Developer Documentation
Toggle Dark/Light/Auto mode Toggle Dark/Light/Auto mode Toggle Dark/Light/Auto mode Back to homepage

Get a Bearer Token

Let’s explain how our Bearer Token Authentication works. First, you make a POST request to the REST API login endpoint. If the authentication process is successful, the API will create a token for you that represents your authentication session. You must pass this token to us in subsequent API requests instead of your username and password.

The authentication session’s permissions will depend on the permissions associated with the username that you used to create the session. It will also be associated with the account that the user is under. Bearer tokens are only associated with a single account at any time.

Make a POST request to the login endpoint to get a token

Request Paramaters
Parameter Type Usage Description
username string Required The username to authenticate against
password string Required The username’s password
account_id integer Optional If the user has access to more than one account, specify the account id to be authenticated against here. You can alternatively perform a separate masquerade operation afterwards.
Response Body
   "success": true,
   "guid": "71067212-8141-4887-b48e-ccabcfb07196",
   "token": "c04c7ff7-5fa1-48fb-aa2a-bcf97a6b8a79",
   "tokenExpiration": "2018-04-01T21:39:12+00:00",
   "tokenLifetime": 3600,
   "refreshToken": "dff78899-ed3b-4965-8f44-474ac2bf7354",
   "refreshTokenExpiration": "2018-04-30T21:39:12+00:00",

Pass the Bearer Token on Subsequent REST API Calls

Now that you have a valid token that was returned to you in the token variable in the JSON response, you must add a special header for every subsequent request to the REST API. Inside of that header will contain the word “Bearer” as well as the value of the token. Often, a HTTP client library will support Bearer tokens, and it will add this header for you on subsequent requests for you per your configuration.

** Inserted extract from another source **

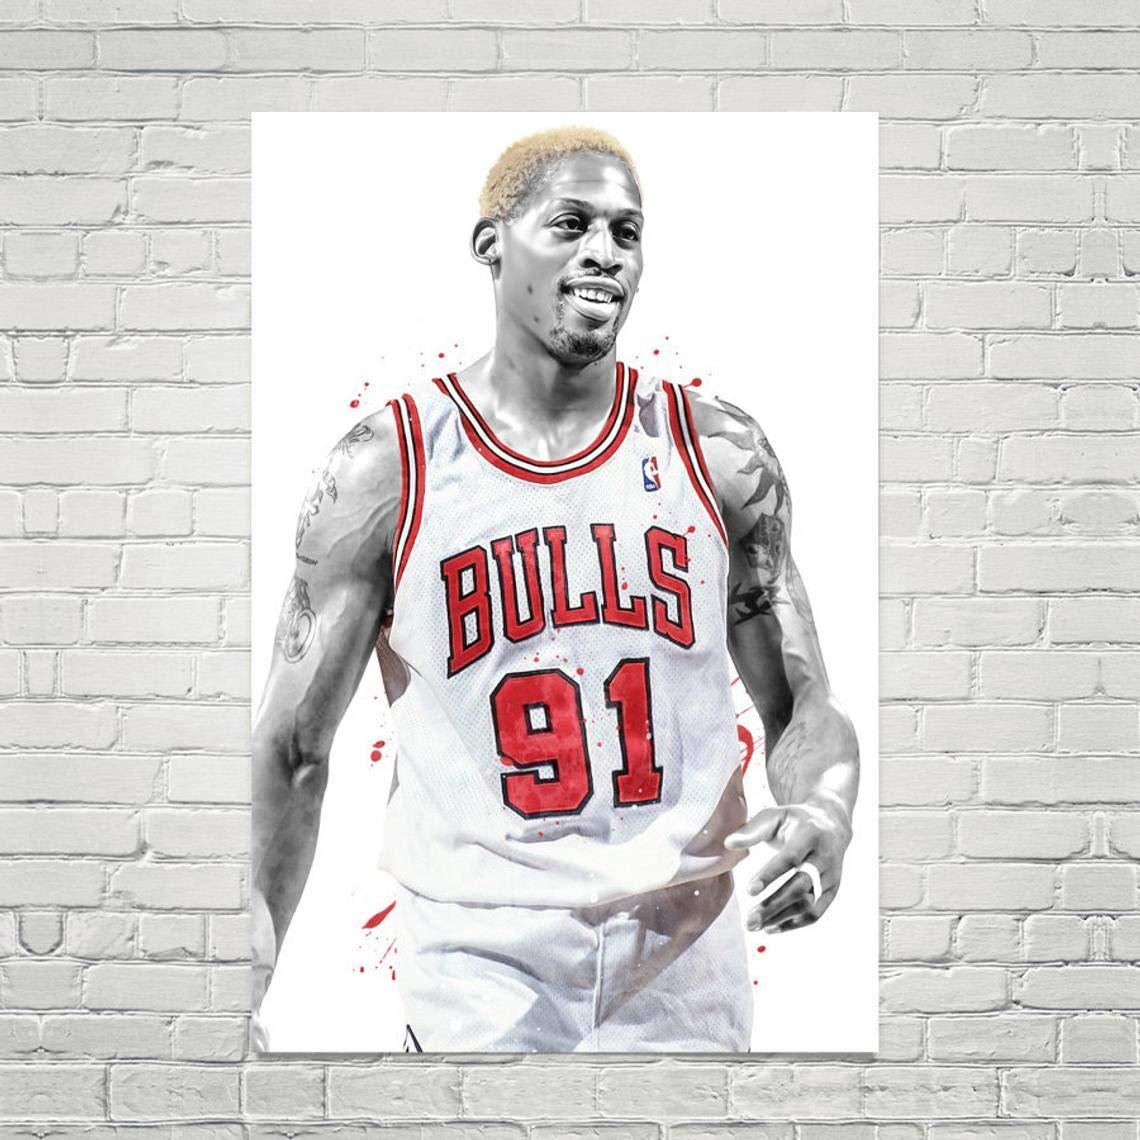 Dennis Rodman Art Print, Dennis Rodman Poster, Chicago Bulls Poster, Basketball Wall Art, Basketball Decor, NBA Poster, Watercolor Print, Man Cave Decor, Sport Posters
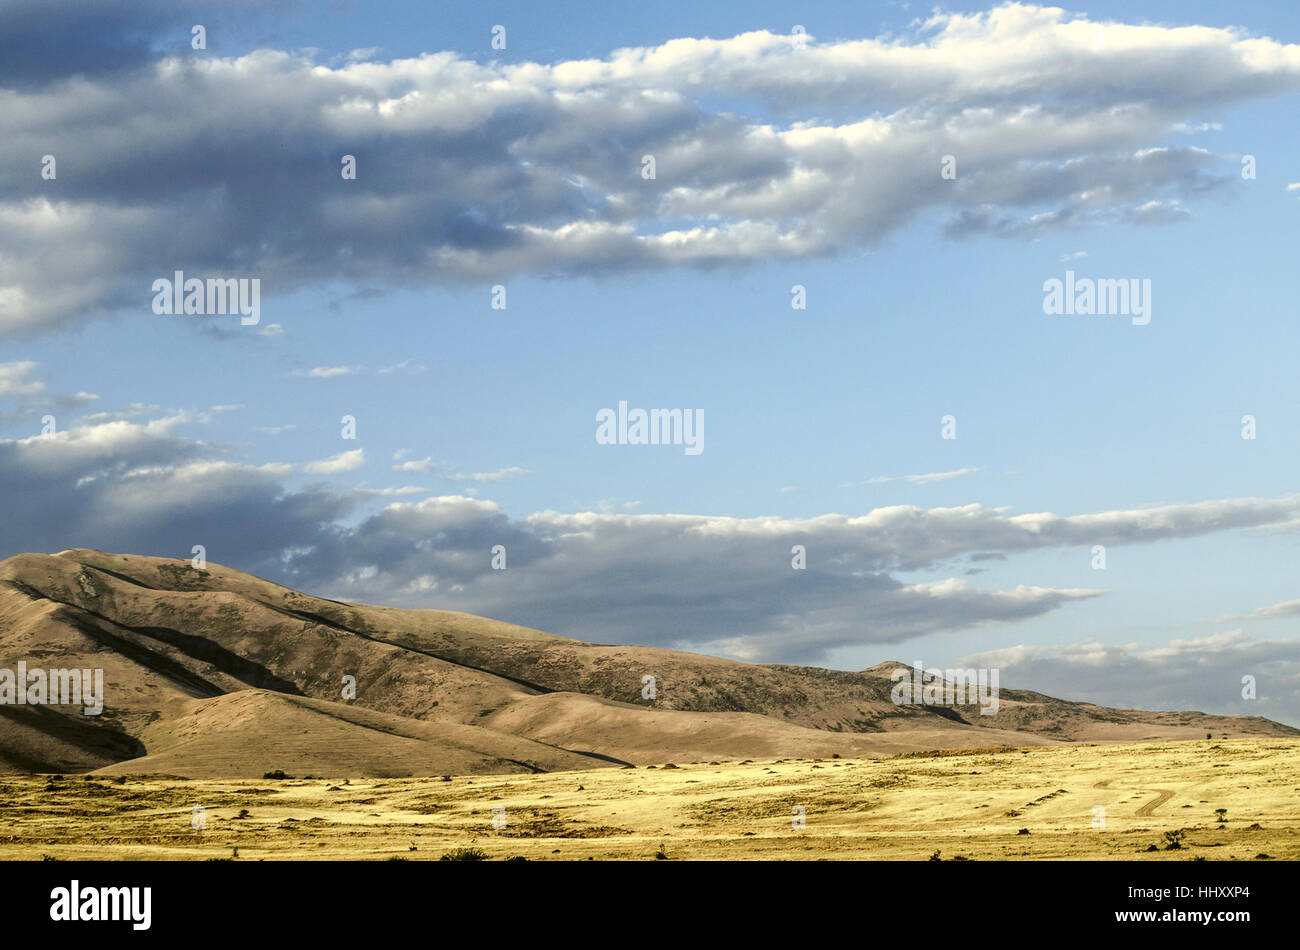 Verarbeitung finden professioneller Verkauf 60% günstig Nuvole di pioggia incombente alla montagna Ara ler in ...

Authentication: Bearer c04c7ff7-5fa1-48fb-aa2a-bcf97a6b8a79

Don’t Forget About the Refresh Token!

Your bearer token is short lived. It will expire according to the value in tokenExpiration, whereby it will no longer be considered valid. Any attempt to use an expired bearer token will result in a 401 or 403 response. When you are ready to get a new bearer token, you must make a separate API call to refresh your auth session, and you must pass the refreshToken value to this endpoint.